After a year at Pembury, during which time the Nazis made their first mass air bombing on London, Tsahai was transferred to Farnborough, another base hospital. In March 1941, she was transferred again, to Guy's Hospital in London. On May 5, 1941, just months before she was to take her final state examinations, Haile Selassie made his state entry into the Ethiopian capital of Addis Ababa, to begin the process of liberation. The princess was ordered by her father to return home with her mother. Three British Red Cross Nurse volunteered to accompany the royal party to help her continue her nursing work in Ethiopia.
The journey home took three months, during which time the liberation was completed. Tsahai immediately went to work with the British Red Cross unit, setting up headquarters in the town of Dessie, which had suffered a massive air raid. They kept their London friends assessed of their progress through letters, one of which was published in the Nursing Mirror:
We are running three large clinics: the largest is at Dessie, where we have an average of 150 patients. The second clinic is at Lake Haik, sixteen miles away—a most lovely place—and the third is at Bartie on the edge of the desert….
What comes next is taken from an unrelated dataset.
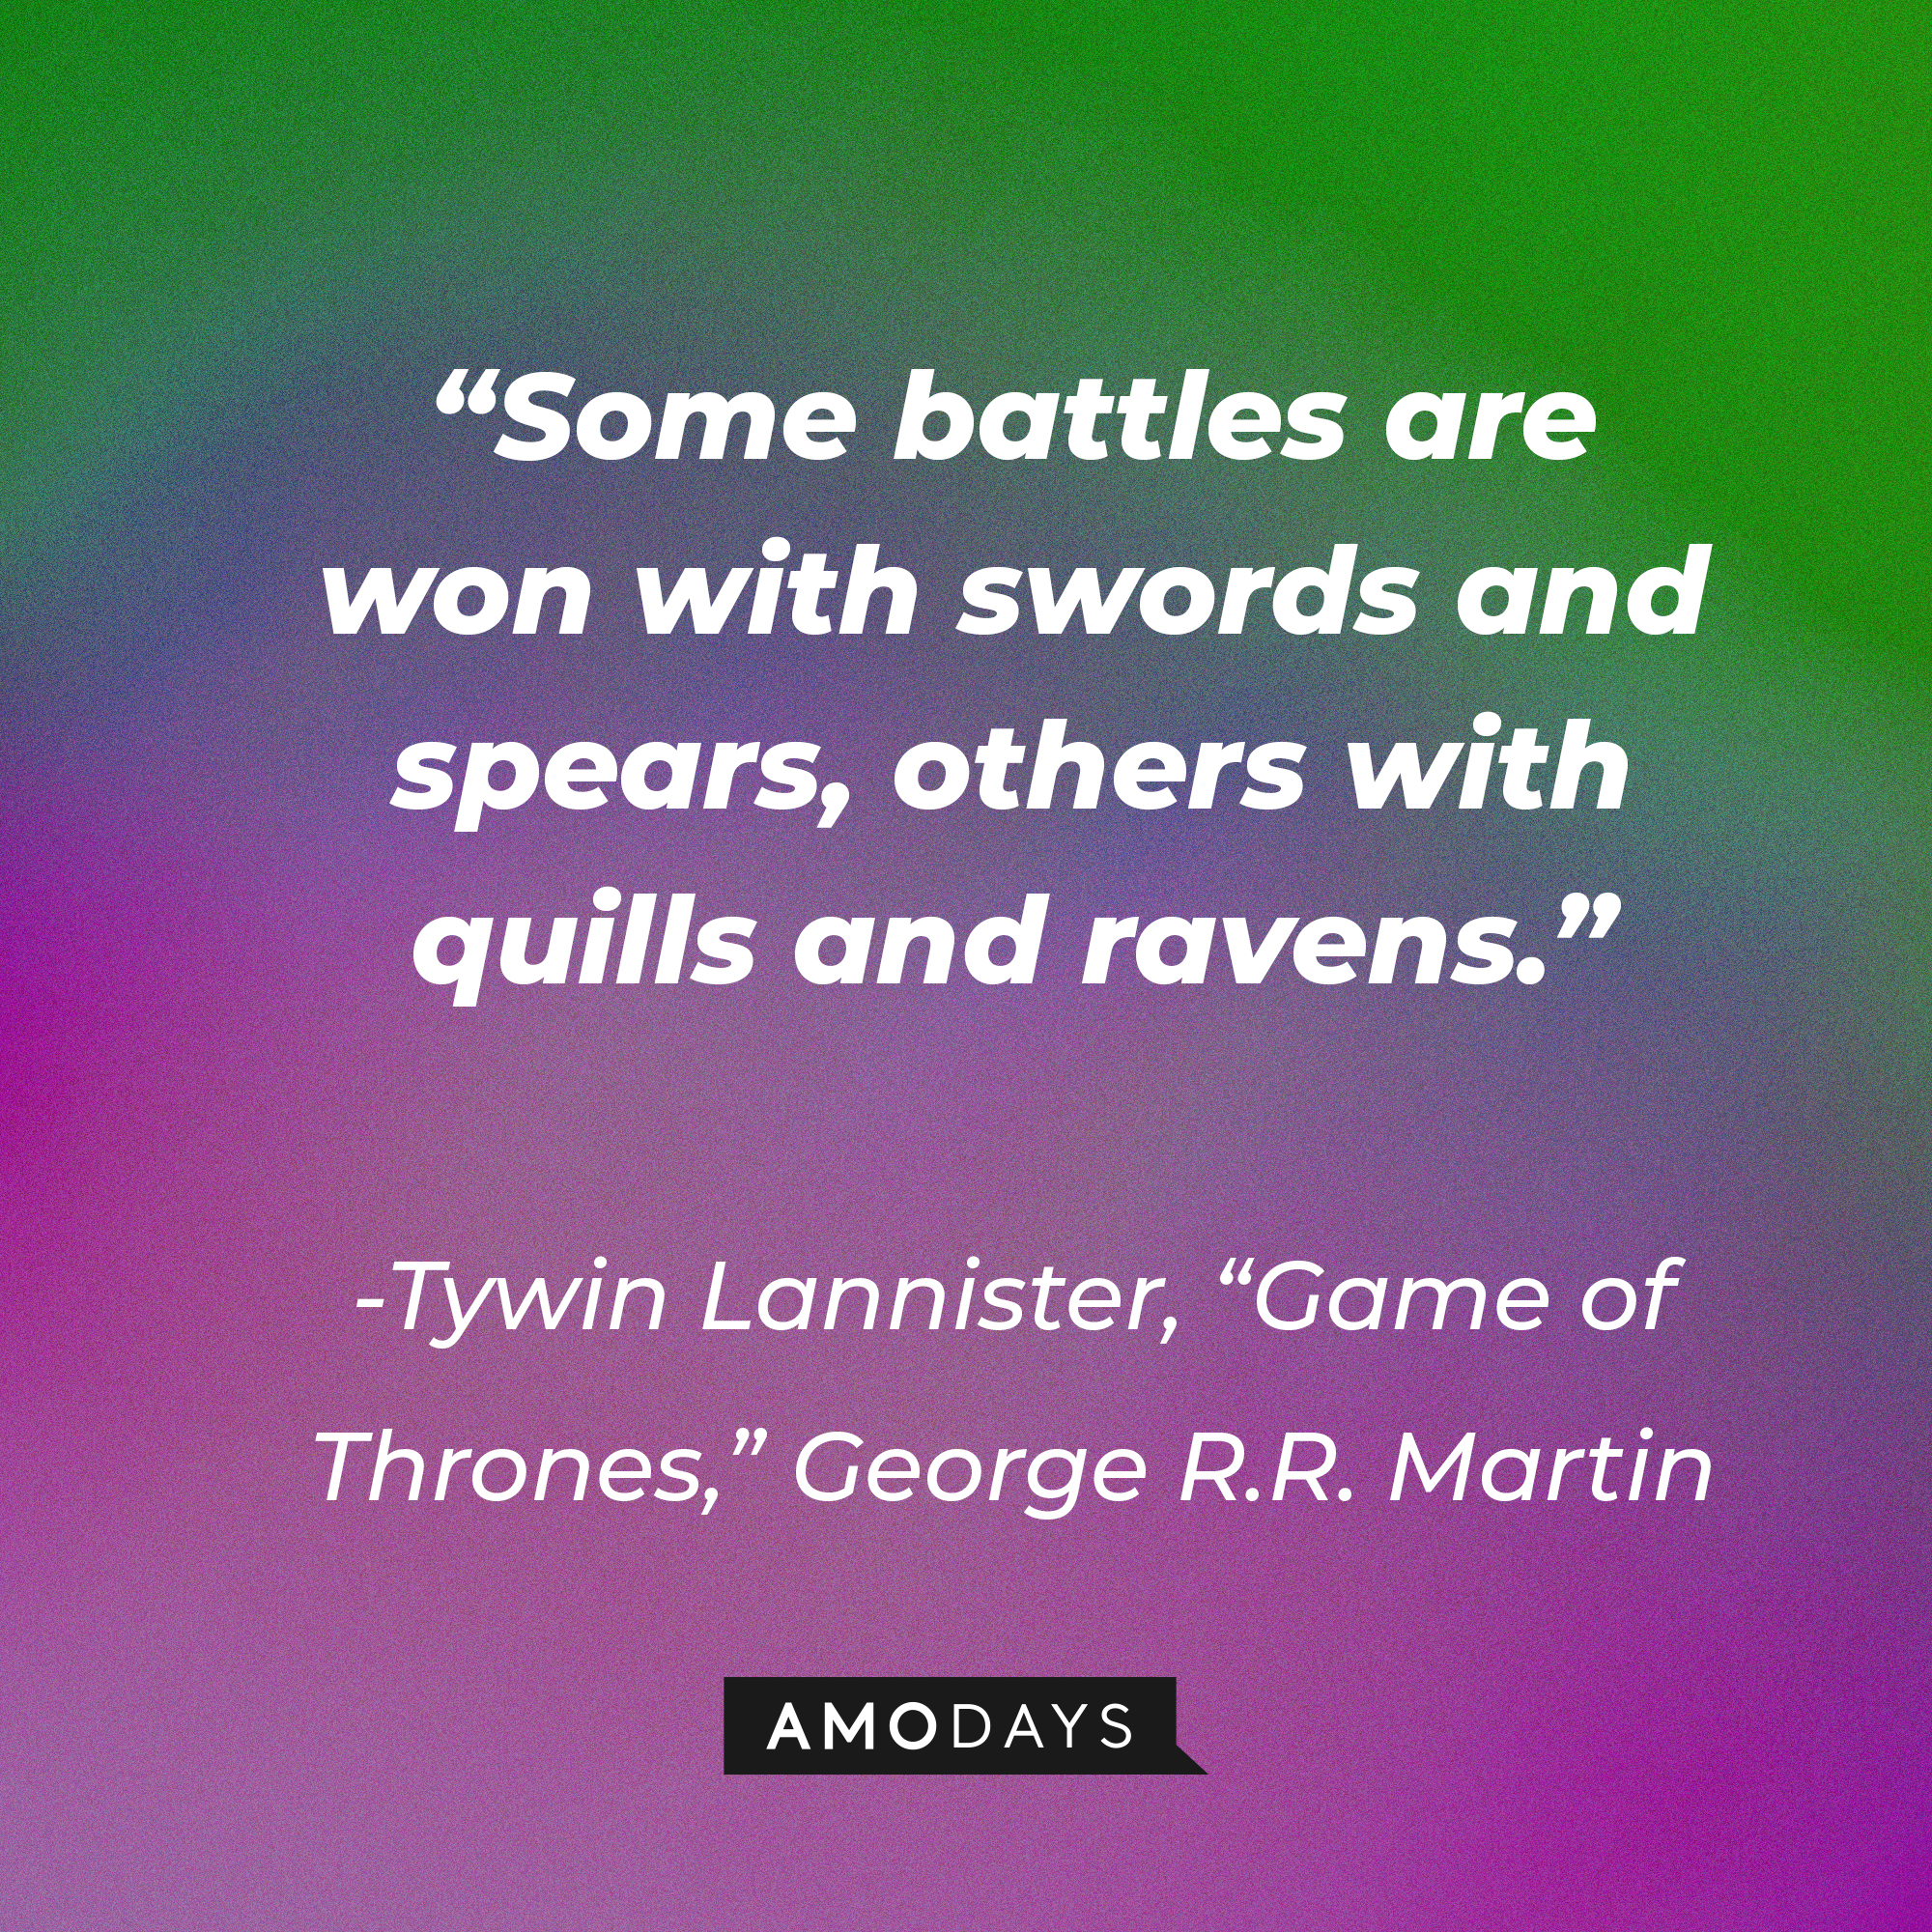 Tywin Lannister’s quote from George R.R. Martin's "Game of Thrones": “Some battles are won with swords and spears, others with quills and ravens.” | Source: AmoDays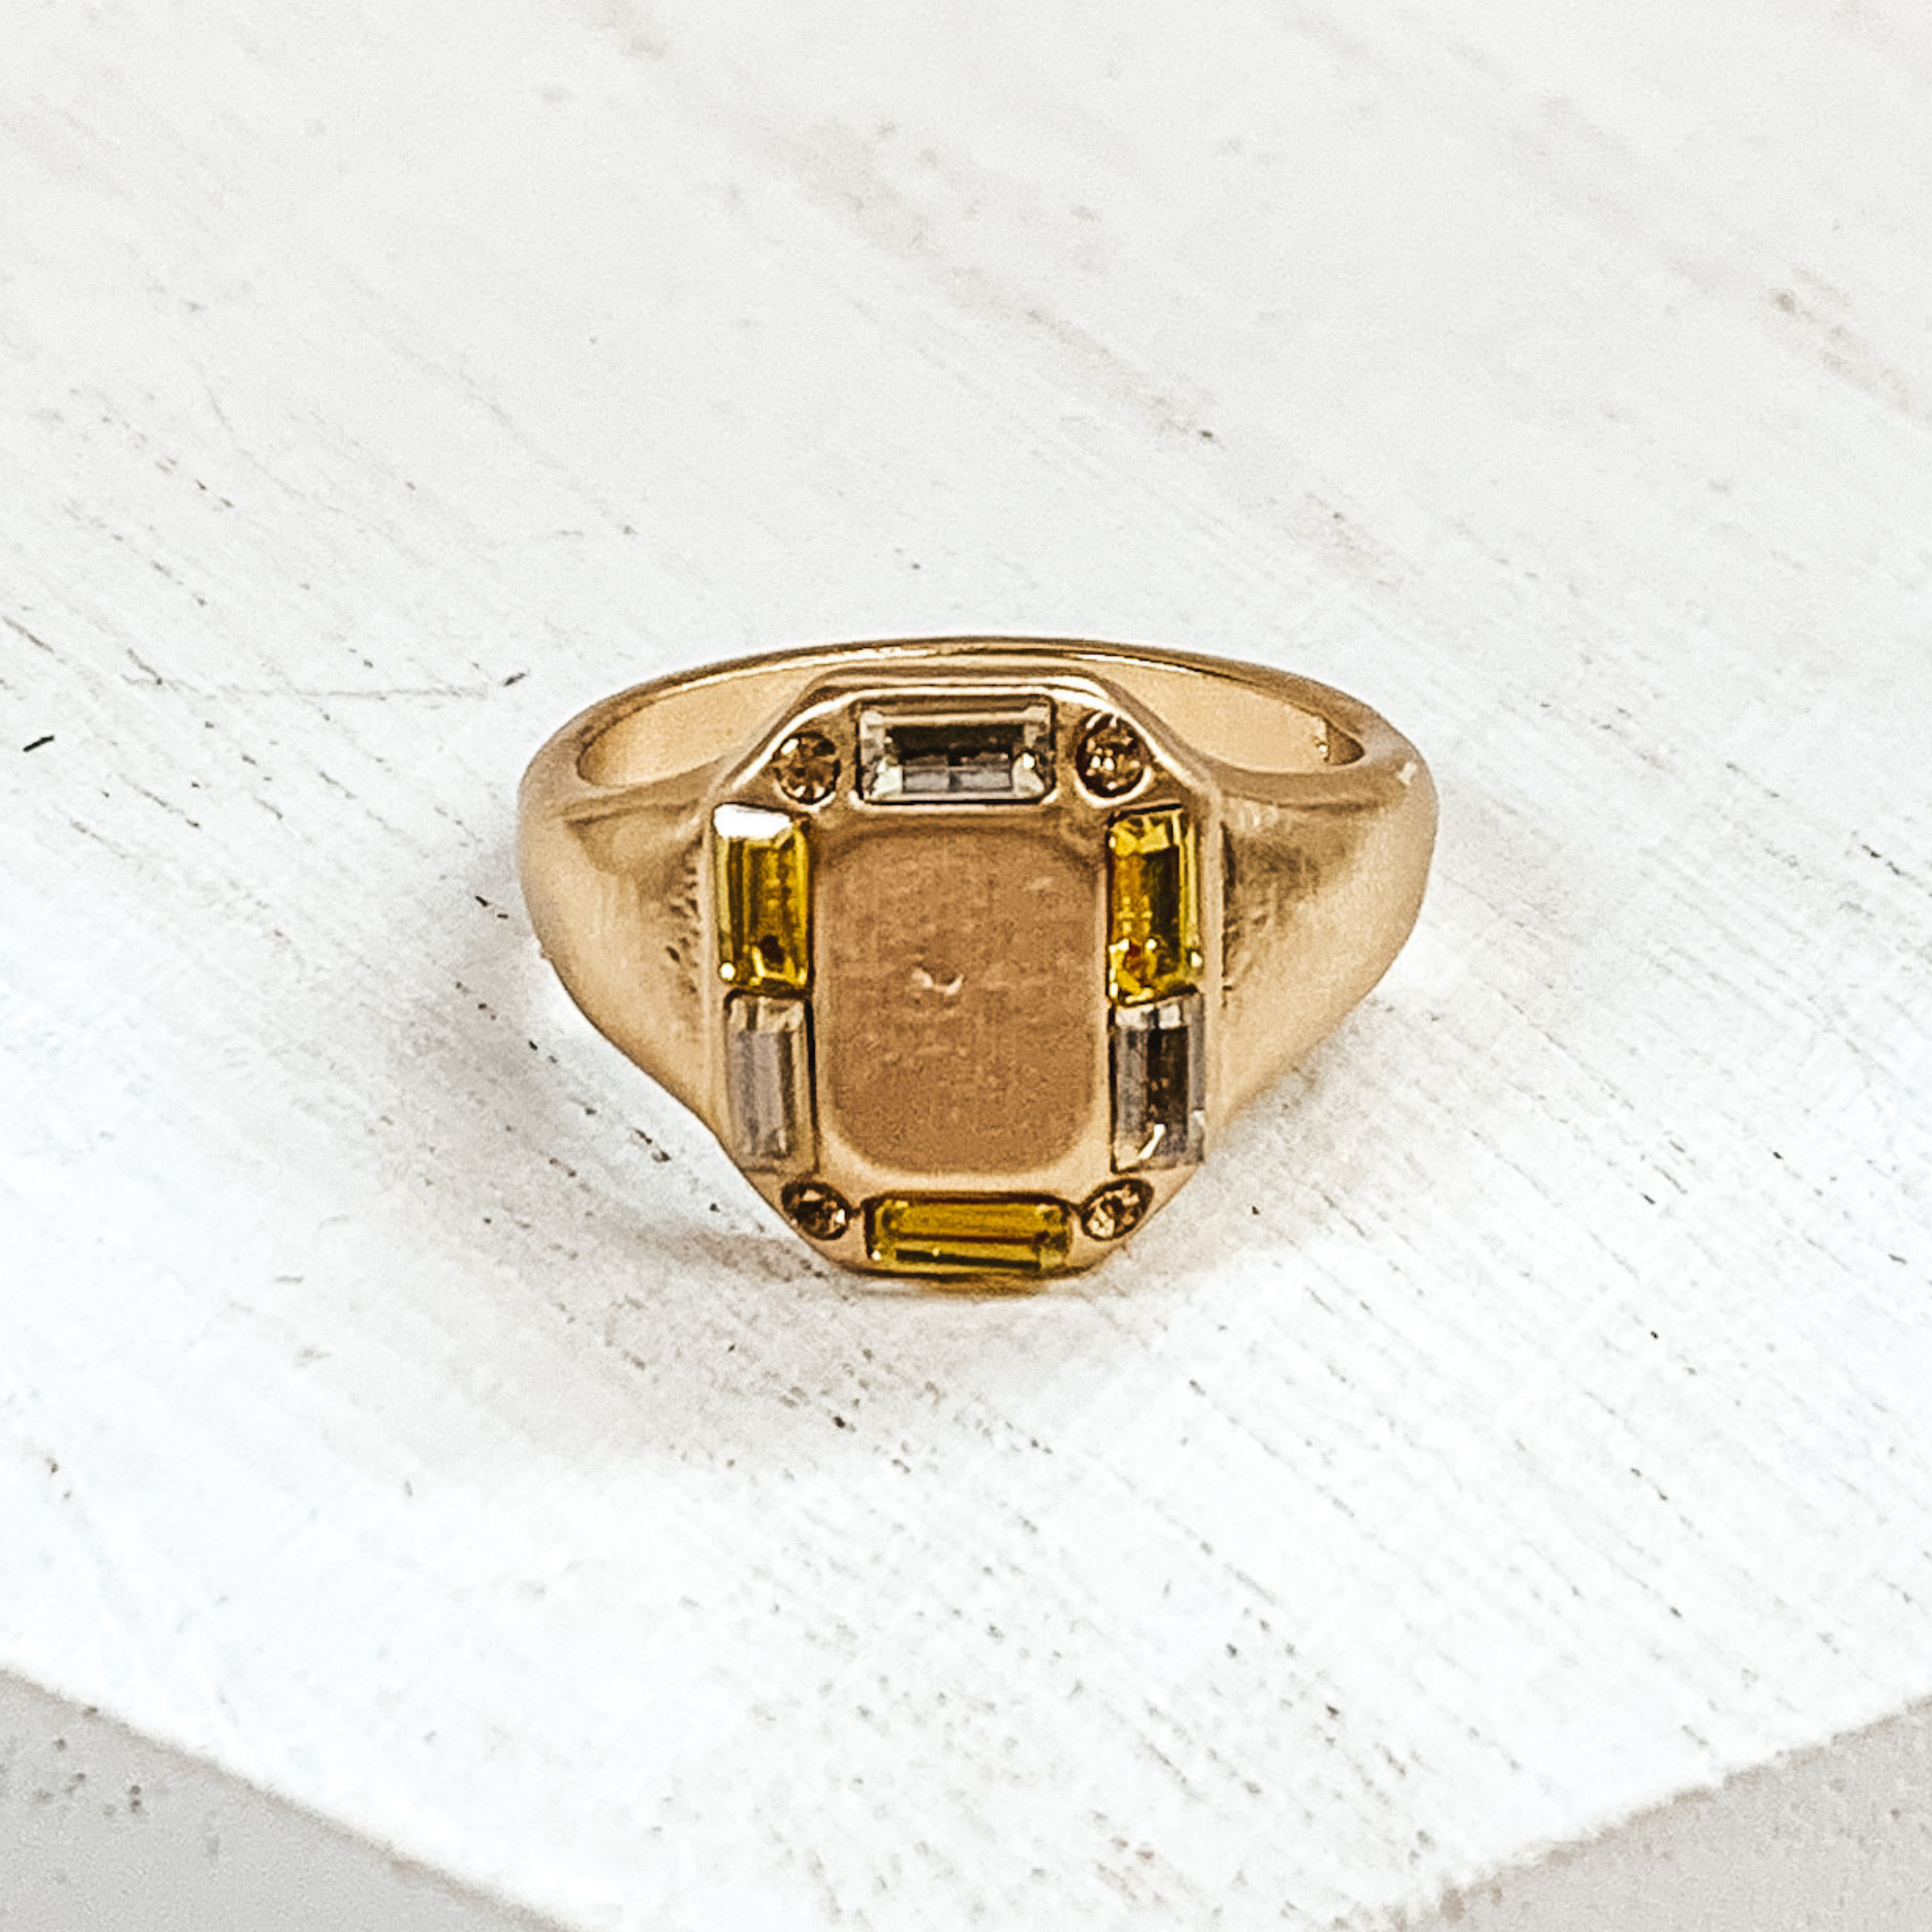 Thick gold band with a rectangle shaped front. The rectangle part includes small, mix of yellow crystals outlining it. This ring is pictured on a white background.

The Senior Political officer here at Dessie is quite sure the Unit has been the greatest thing done to help the people, for they were in grave distress. The Princess works in the morning very hard; we do the afternoons and evenings.
In conjunction with her work at Dessie, Tsahai also reactivated the Ethiopian Women's Welfare Work Association, which had been shut down during the occupation.
In April 1942, the princess married Colonel Abiye Ababa, a former member of the emperor's imperial guard, whom she had met in England. Before leaving to live in Lekemti, where Abiye was the newly appointed governor, she told an English woman journalist that she intended to carry on her work of establishing hospitals and medical service throughout her country.
Princess Tsahai did not have the opportunity to achieve her goals. Less than four months after her marriage, on August 17, 1942, she died of a hemorrhage suffered during a miscarriage. Ironically, it was believed that she might have survived had she received proper medical attention. To honor her memory, her friends in England later established Ethiopia's Princess Tsahai Memorial Hospital and nurses' training school, on a site donated by the emperor.
McKown, Robin. Heroic Nurses. NY: Putnam, 1966.